Comparing Regular Expressions

Discussion in 'Perl Misc' started by Robert Inder, Apr 6, 2005.

  1. Robert Inder

    Robert Inder Guest

    I'm interested in comparing the "coverage" of regular expressions.

    In particular, if I have two regular expressions, I want to know
    whether it is possible to construct a string that will match
    both, or indeed that will match one and not the other.

    So, for instance, suppose I believe that if an object has a
    descripiton string matching regexp R1, it is of type A.
    Someone now tells me that an object with a
    descripiton string matching regexp R2 is of type B. What can I tell
    about (the sets of things of type) A and B by looking at R1 and R2?

    So if R1= "^a.*$" and R2 = "^b.*$", I know that A and B are disjoint.

    Whereas if R1= "foo" and R2 = "foobar", I know that B is a subset of A.

    But how do I formalise (i.e. program) this comparison process?

    This strikes me as a very general problem/issue and there
    just has to be some work on formalising and solving it. But I don't
    know how to find it: Google searches for things like "regular
    expression comparison" are swamped by algorithms for matching regexps
    against strings and so forth, which isn't what I want.
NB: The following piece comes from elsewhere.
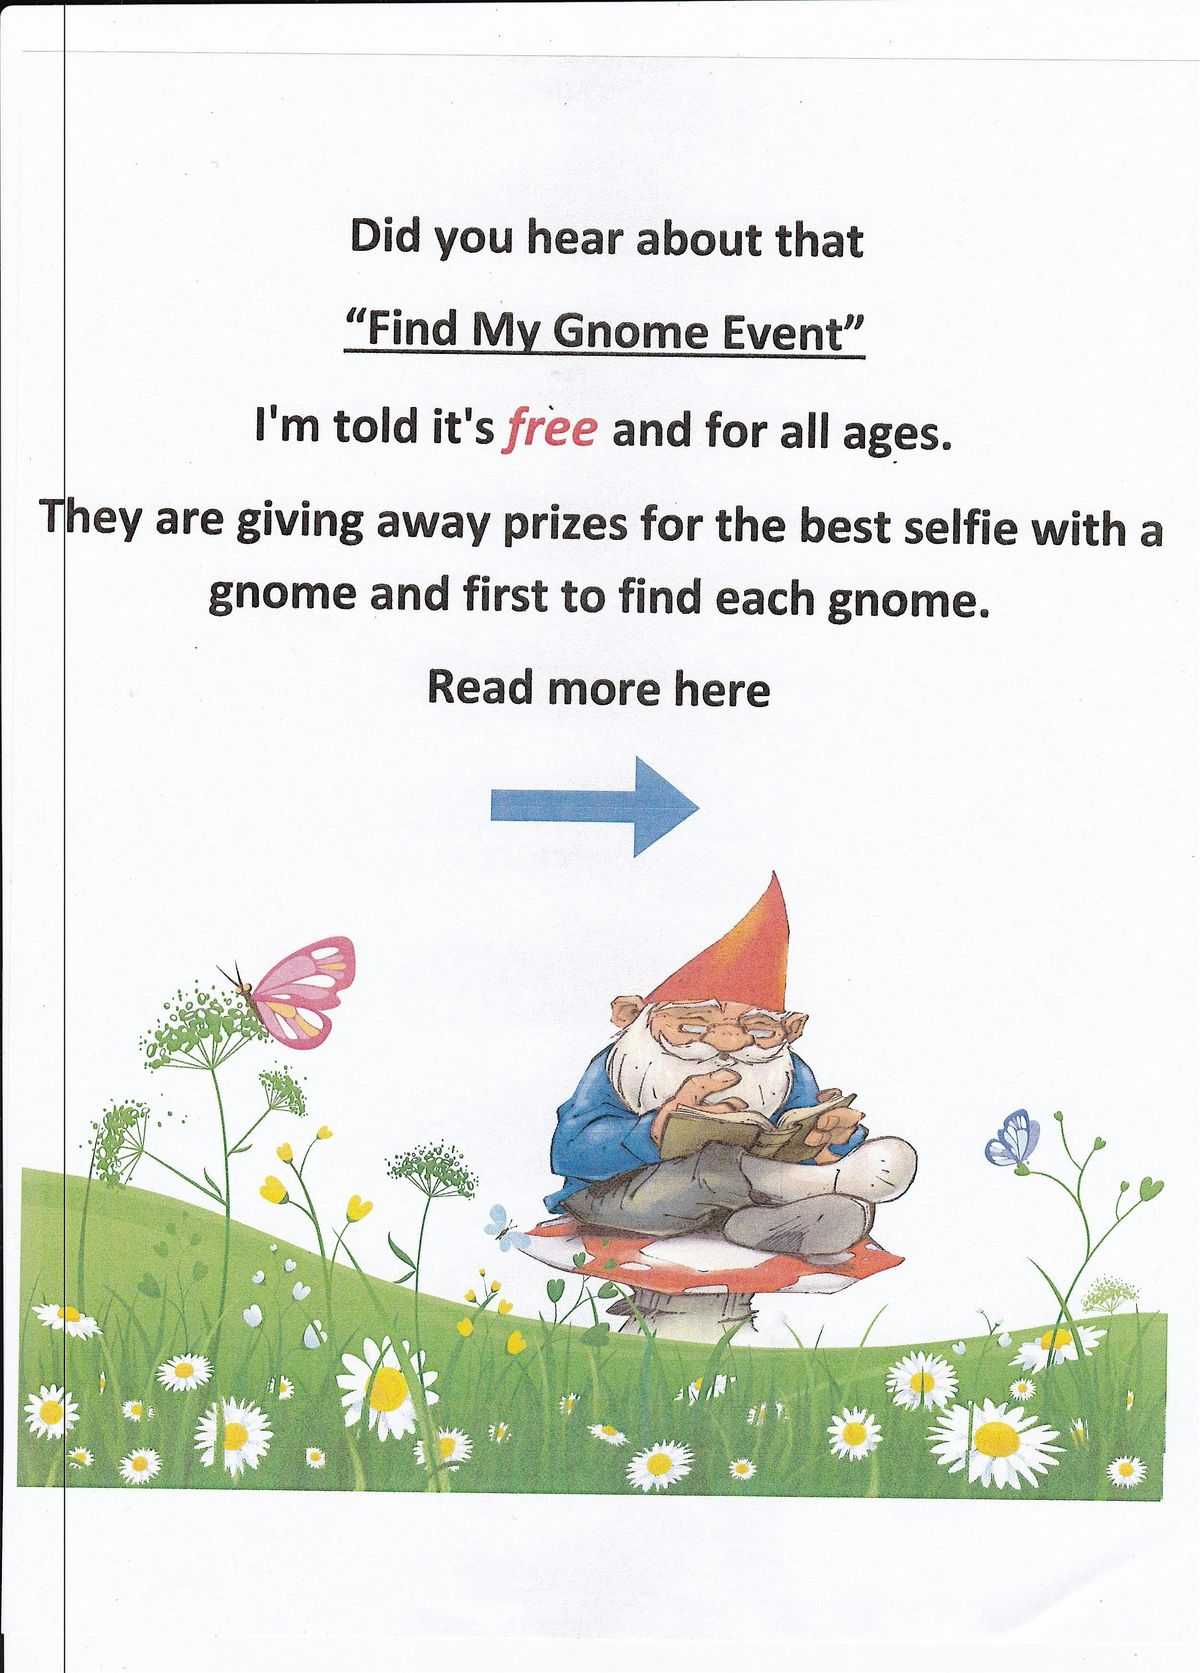 Find My Gnome Event

    Can anyone point me in the right direction?

    Robert.

    --
    __ To avoid the spam trap, mail me
    |_) _ |_ _ ._ |- | _ _| _ ._ at bcs.org.uk, not deadspam.com.
    | \(_)|_)(-'| |_ || |(_|(-'| '
    Best viewed in Ebriated.
     
    Robert Inder, Apr 6, 2005
    #1
    1. Advertising

  2. Robert Inder

    Anno Siegel Guest

    Robert Inder <> wrote in comp.lang.perl.misc:
    >
    > I'm interested in comparing the "coverage" of regular expressions.
    >
    > In particular, if I have two regular expressions, I want to know
    > whether it is possible to construct a string that will match
    > both, or indeed that will match one and not the other.


    [snip]

    That will be utterly non-trivial.

    Consider the partial problem of finding a string that a given regex
    matches. Since there are patterns that don't match anything (/$.^/),
    there can't be a general solution. At the very least you'll need a
    complete regex parser before you can tackle this problem.

    Anno
     
    Anno Siegel, Apr 6, 2005
    #2
    1. Advertising

  3. Robert Inder wrote:

    > I'm interested in comparing the "coverage" of regular expressions.
    >
    > In particular, if I have two regular expressions, I want to know
    > whether it is possible to construct a string that will match
    > both, or indeed that will match one and not the other.


    My instinct says that will be "hard". Not just "hard" in the common
    sense, but hard in the CompSci sense of being equivalent to the halting
    problem (i.e. insoluble in the general case in finite time).

    Note I'm reading this in clp.misc. I suspect the nettizens of
    comp.theory will be much more clued-up on this.
     
    Brian McCauley, Apr 6, 2005
    #3
  4. Robert Inder <> writes:

    > I'm interested in comparing the "coverage" of regular expressions.


    For which definition or regular expressions? I see this is crossposted
    to comp.lang.perl.misc and comp.theory and the default meaning of
    regular expression is quite different in the two groups.

    > In particular, if I have two regular expressions, I want to know
    > whether it is possible to construct a string that will match both,
    > or indeed that will match one and not the other.


    For the comp.theory adapted definition, it is possible to construct
    FSM accepting the language described by a regular expressions.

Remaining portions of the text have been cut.